Lots of people here mentioning that concert pitch wasn't always A = 440 Hz. Here's an interesting 12tone video explaining how we ended up at exactly that: https://youtu.be/BzznBt8tVnI (Spoiler: It involves nothing less than the Treaty of Versailles.)
This sort of study might be facilitated by something like Apple Watch opt-in health research. You would need thousands of participants to get anything significant. I would suppose that there isn't a significant effect of A=432Hz.
It's more about the number of students than the quality of the science. More science being done = more bad science. There's reason to be skeptical of overall quality, but I would hesitate to rush to any judgements based solely on what makes it into your news feed.
From the second link:
"C=256 has a uniquely defined astronomical value, as a Keplerian interval in the solar system."
and, in conclusion:
"If we arbitrarily changed the "tuning" of the solar system in a similar way, it would explode and disintegrate! God does not make mistakes: Our solar system functions very well with its proper tuning, which is uniquely coherent with C=256. This, therefore, is the only scientific tuning."
There's no way this is true though. I'd be willing to wager 10-to-1 that this isn't reproducible in a larger study. Also, this isn't much of a "finally" since it appears to be from 2019.
> Because of this harmonic misalignment, listening to 440 Hz music would seem to make people anxious, nervous, or aggressive, because it is not in harmony with the natural frequency of the planet earth.
> These same effects would have repercussions on human health since our DNA is sensitive to frequencies, as stated by the Professor Carlo Ventura’s team.
> Human DNA is sensitive to music and its relative frequencies to the point that it can even be reprogrammed through them. In fact, by subjecting stem cells to various frequencies it has been possible to modify their natural organic function.
The LaRouche folks are deluded, not satirists. Probably even more deluded than the mainstream society they rail against, but definitely differently deluded.

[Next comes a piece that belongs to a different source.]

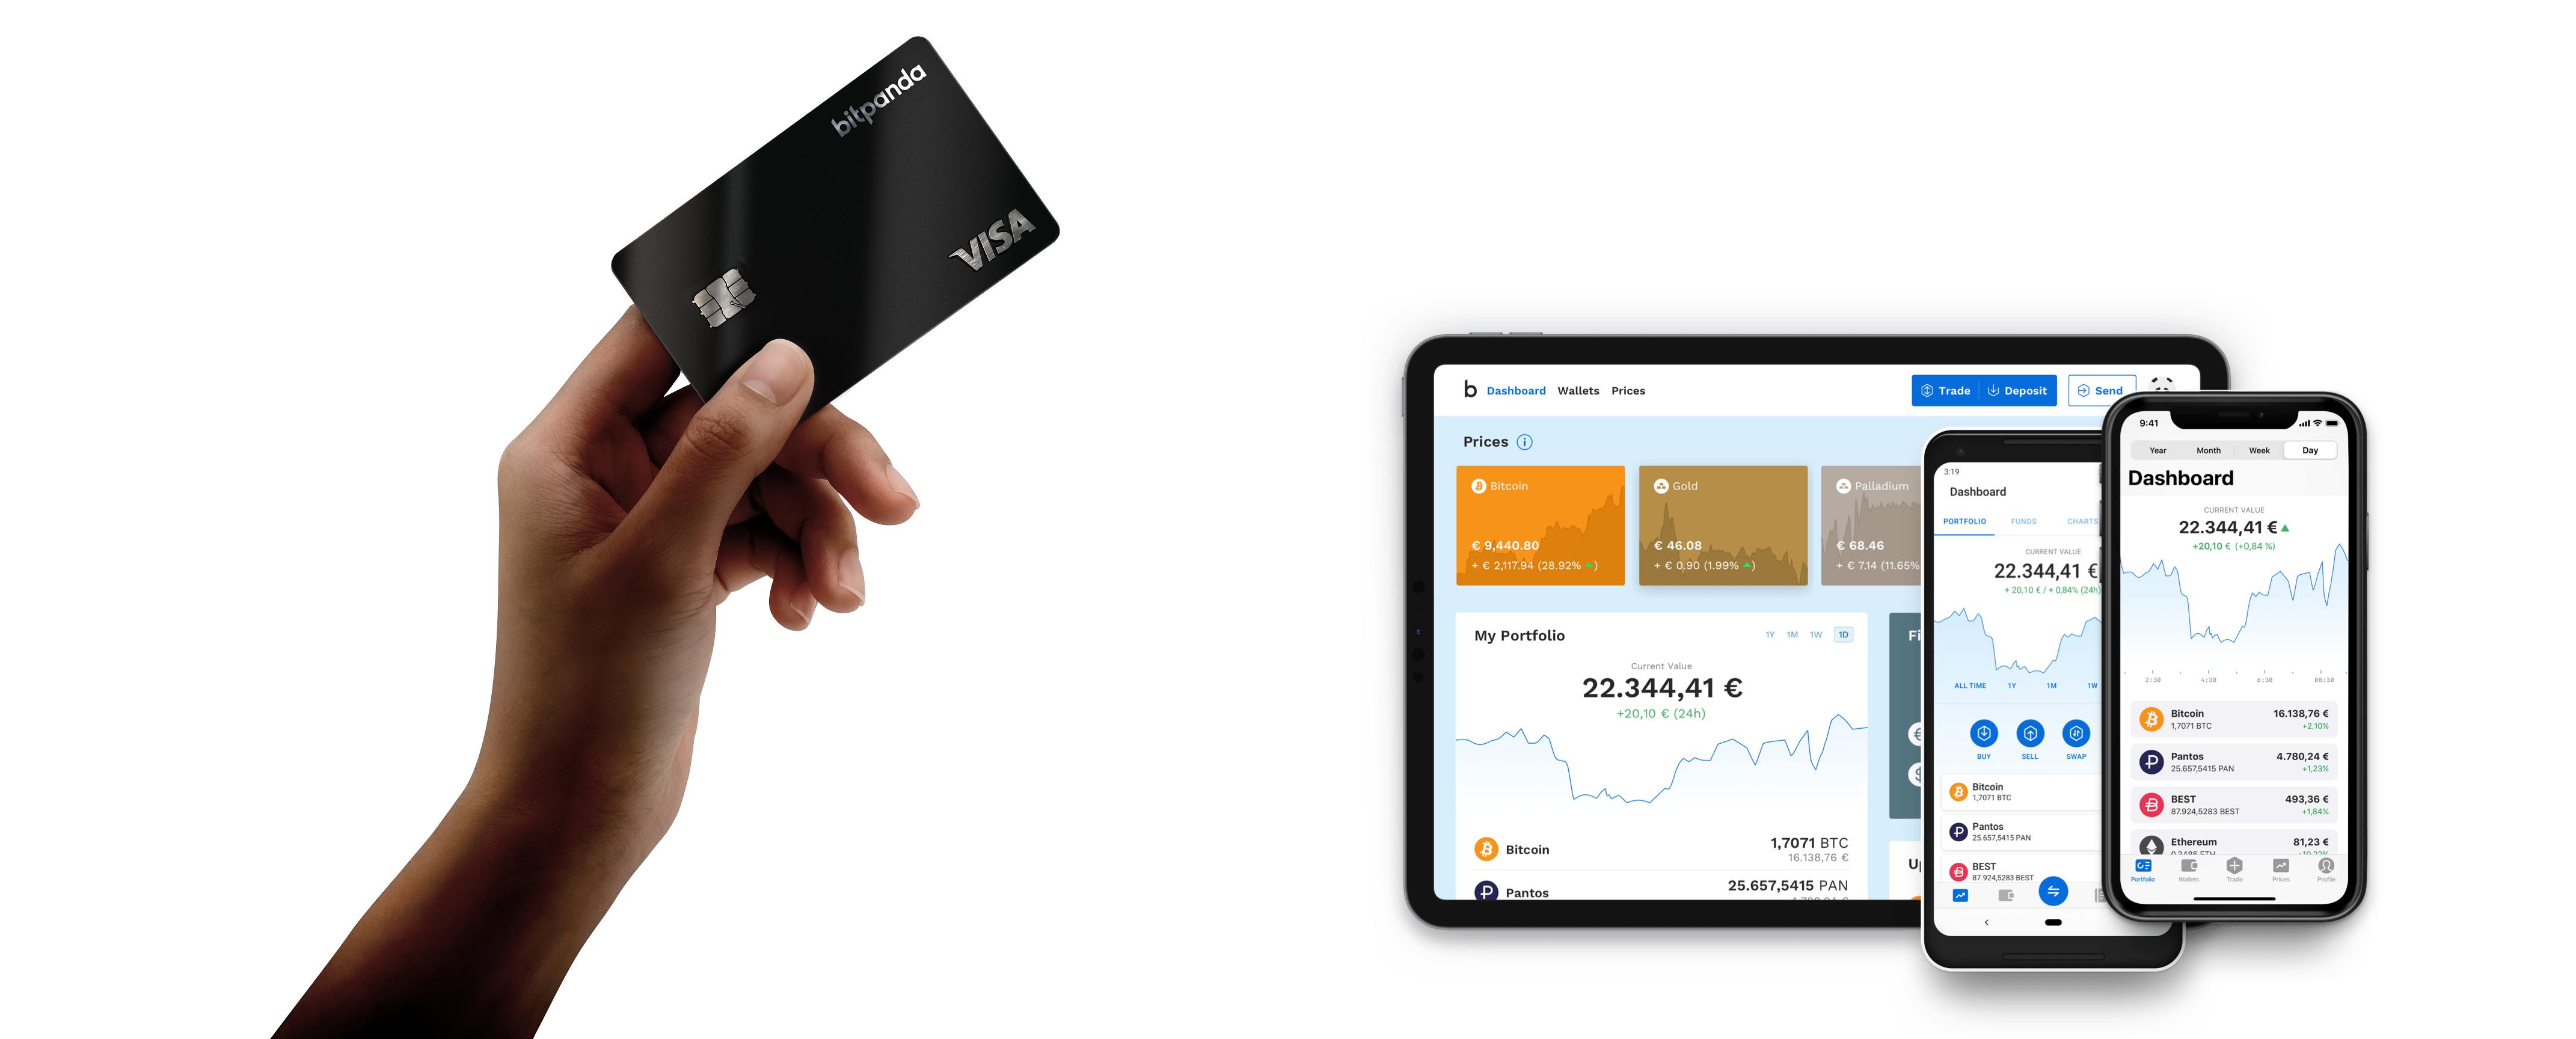 Kryptovaluuttapörssi Bitpanda avaa Visa-maksukortin ennakkotilaukset

Yep, but only using 12-TET @ C4=256Hz. A “Twelve True-Fifths Tuning” is suggested though to get the magical number, similar to violin standard tuning method. [1]
"Not significant" means that "a slight decrease" is not supported by the data in the conventionally accepted way. By convention, authors should not make claims either way if the effect is not statistically significant, even if they believe the effect is real. So the sentence above is declaring that the authors aren't following the norms of scientific claims.